Was für ein wunderbarer Ort diese Stadtbibliothek. Als Büchersammlung, als Treffpunkt, als Veranstaltungsort, als markanter Mittelpunkt inmitten historischer Umgebung, eine Glaspyramide, transparent und einladend. Drinnen Bücher, Bücher, Bücher, Leseplätze und W-LAN, draußen Passanten, Cafés, Restaurants, reges Stadtleben.

Die Literaturwoche Donau 2018 ist punktgenau im Hochfrühling gelandet. Es wärmt, grünt und blütenstaubt. Im Bus sitzt schräg gegenüber einer der keinen Bart hat. Dafür hält er in der einen Hand eine Doppel-LP aus Vinyl und in der anderen einen Viererpack Drumsticks.

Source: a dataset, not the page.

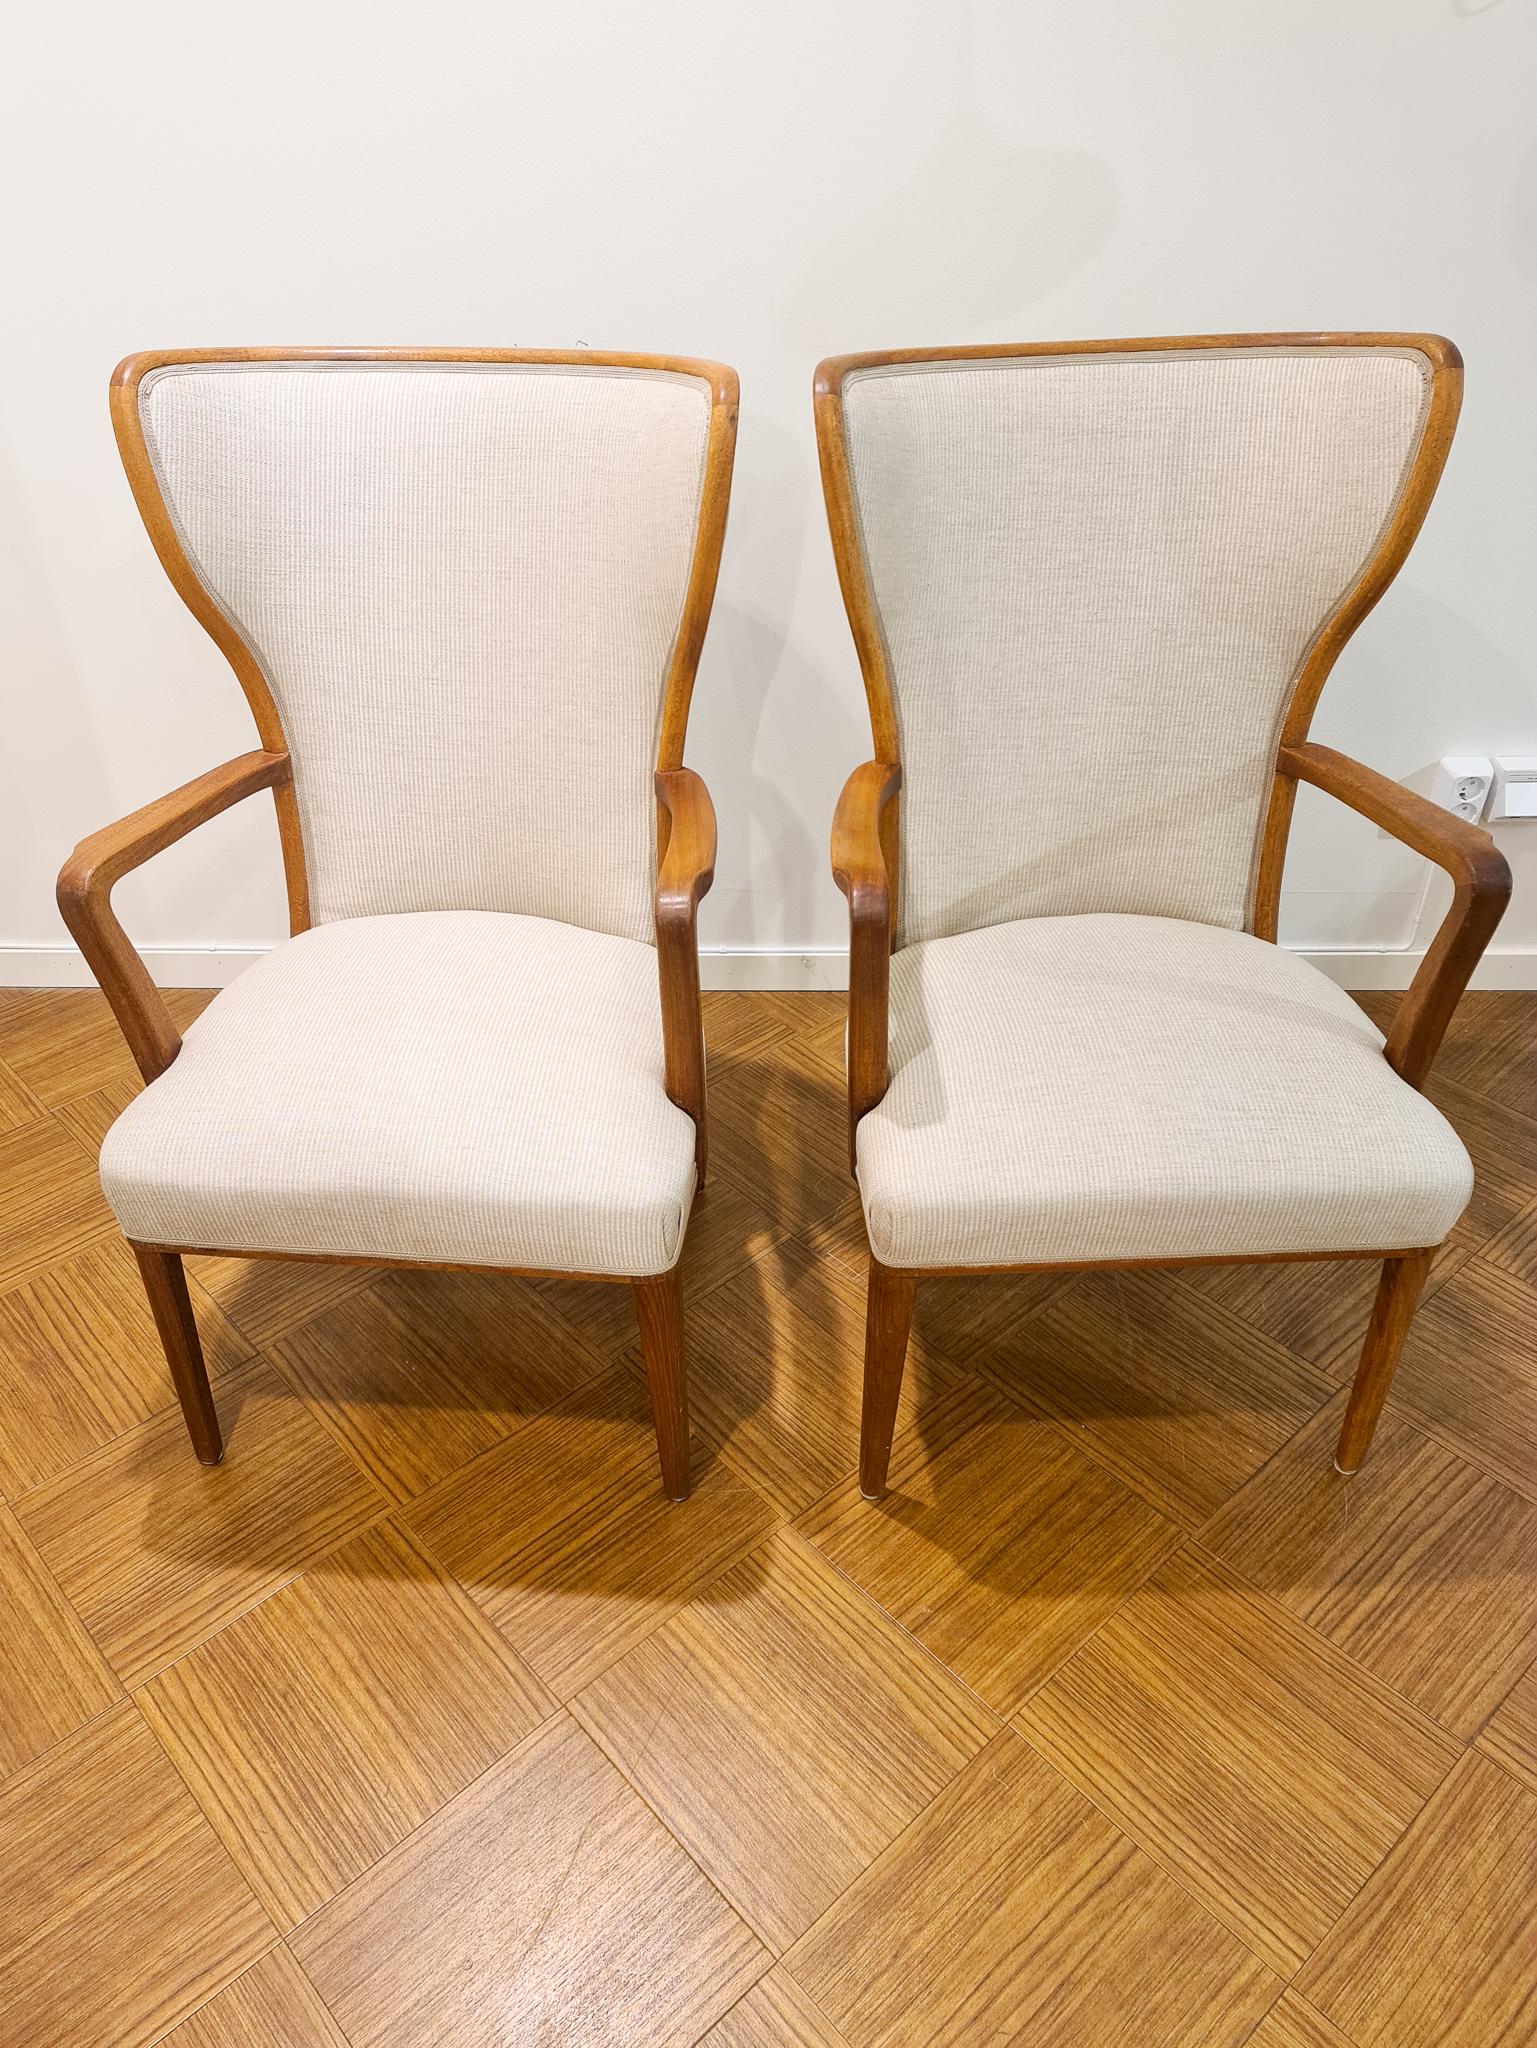 Art Deco Lounge Chairs Svenska Kontorsmöbler, Sweden, 1940s For Sale 1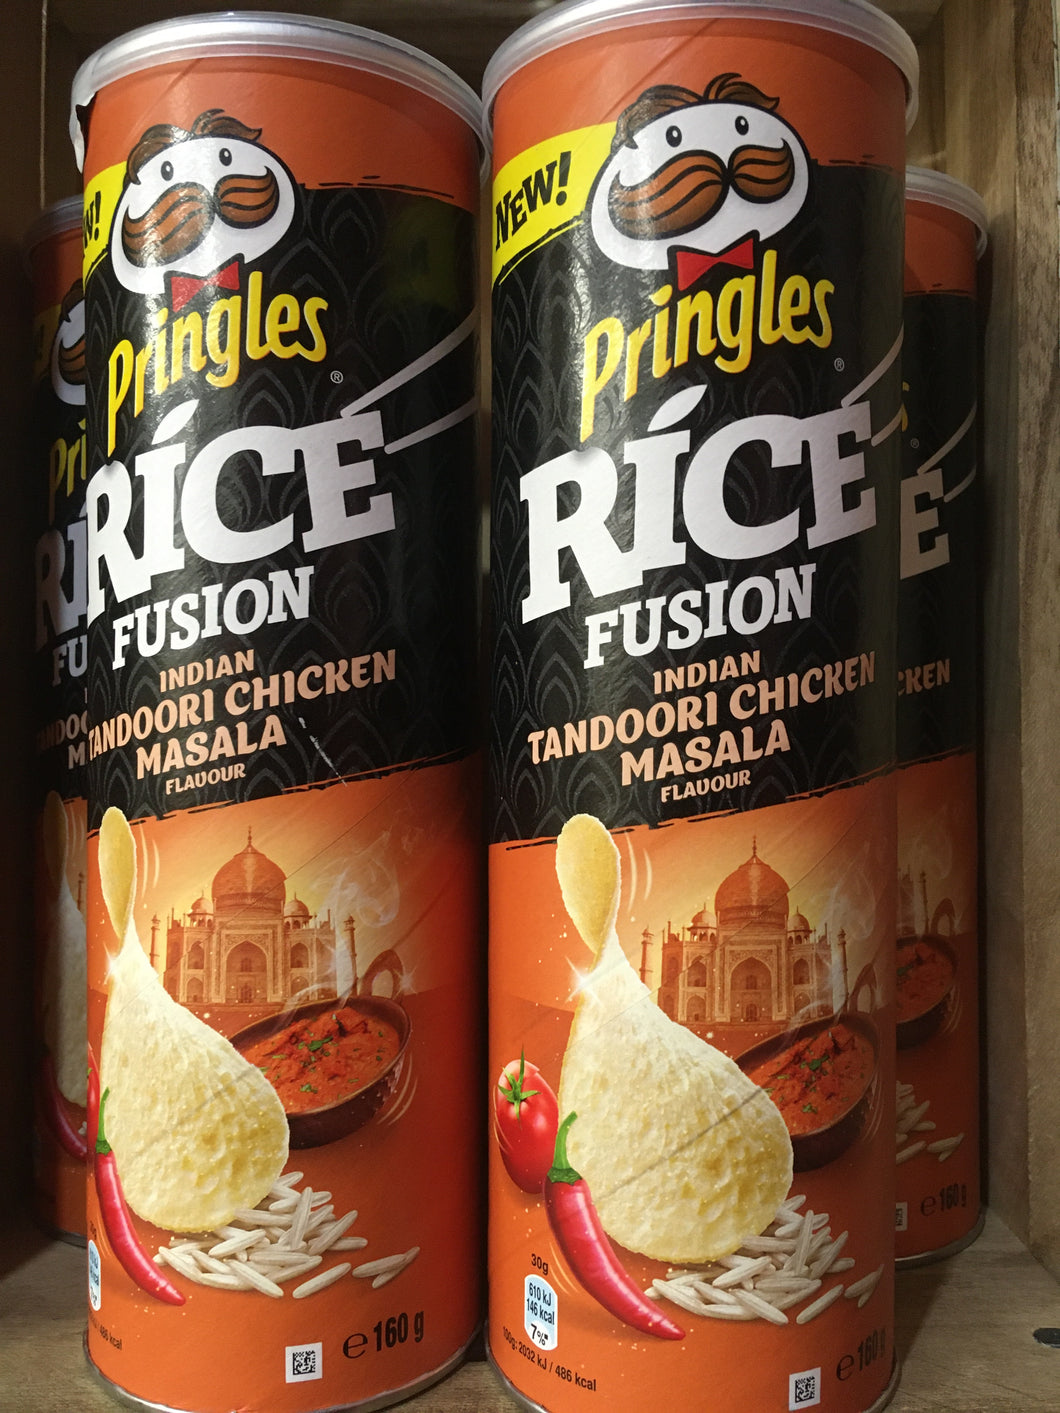 5x Pringles Rice Fusion Tandoori Chicken Masala Flavour (5x160g)

Angesichts der explodierenden Natur kommen mir die Pflaumen- und Kirschbäume in den Büchern von Iris Wolff in den Sinn. Nicht nur sie lobte das besondere Ambiente und die einmalige Atmosphäre des Ulmer Veranstaltungsreigens. Sie habe sich sehr wohl gefühlt, ließ sie wissen, im nostalgisch trendigen Casino, das bis auf den letzten Vintage-Sessel besetzt war. Ihr gefiel, dass sie ihren Verleger Arno Kleibel vom Salzburger Otto Müller Verlag an ihrer Seite hatte.

Nicht zuletzt weil er ihr erlaubt hatte ihren aktuellen Roman in vier Erzählungen nach einer rumänischen Redensart So tun, als ob es regnet betiteln zu dürfen. Man muss wissen, dass Verleger und Lektoren (angeblich verkaufshemmende) Kommata in Buchtiteln überhaupt nicht schätzen. Ein Abend, der wie so manch anderer, vom gut vorbereiteten Florian L. Arnold moderiert wurde, der als Mitorganisator genügend Ausdauer für diese lange Woche hatte und für jede unvorhersehbare Gesprächswendung ein rhetorisches Werkzeug.

Als der ohne Bart aussteigt kann ich das Plattencover erkennen: Bryan Adams. Dabei hatte ich auf Jazz getippt. Es sind diese ganz eigenen, charaktervollen Lokalitäten die ein Gutteil des Reizes der Literaturwoche ausmachen: Die Räume der Ulmer Museumsgesellschaft, das ehemalige Sparkassen-Casino, das Museum Villa Rot in Burgrieden (Abstecher nach abseits der Donau), das Edwin-Scharff-Museum in Neu-Ulm, die Putte ebendort.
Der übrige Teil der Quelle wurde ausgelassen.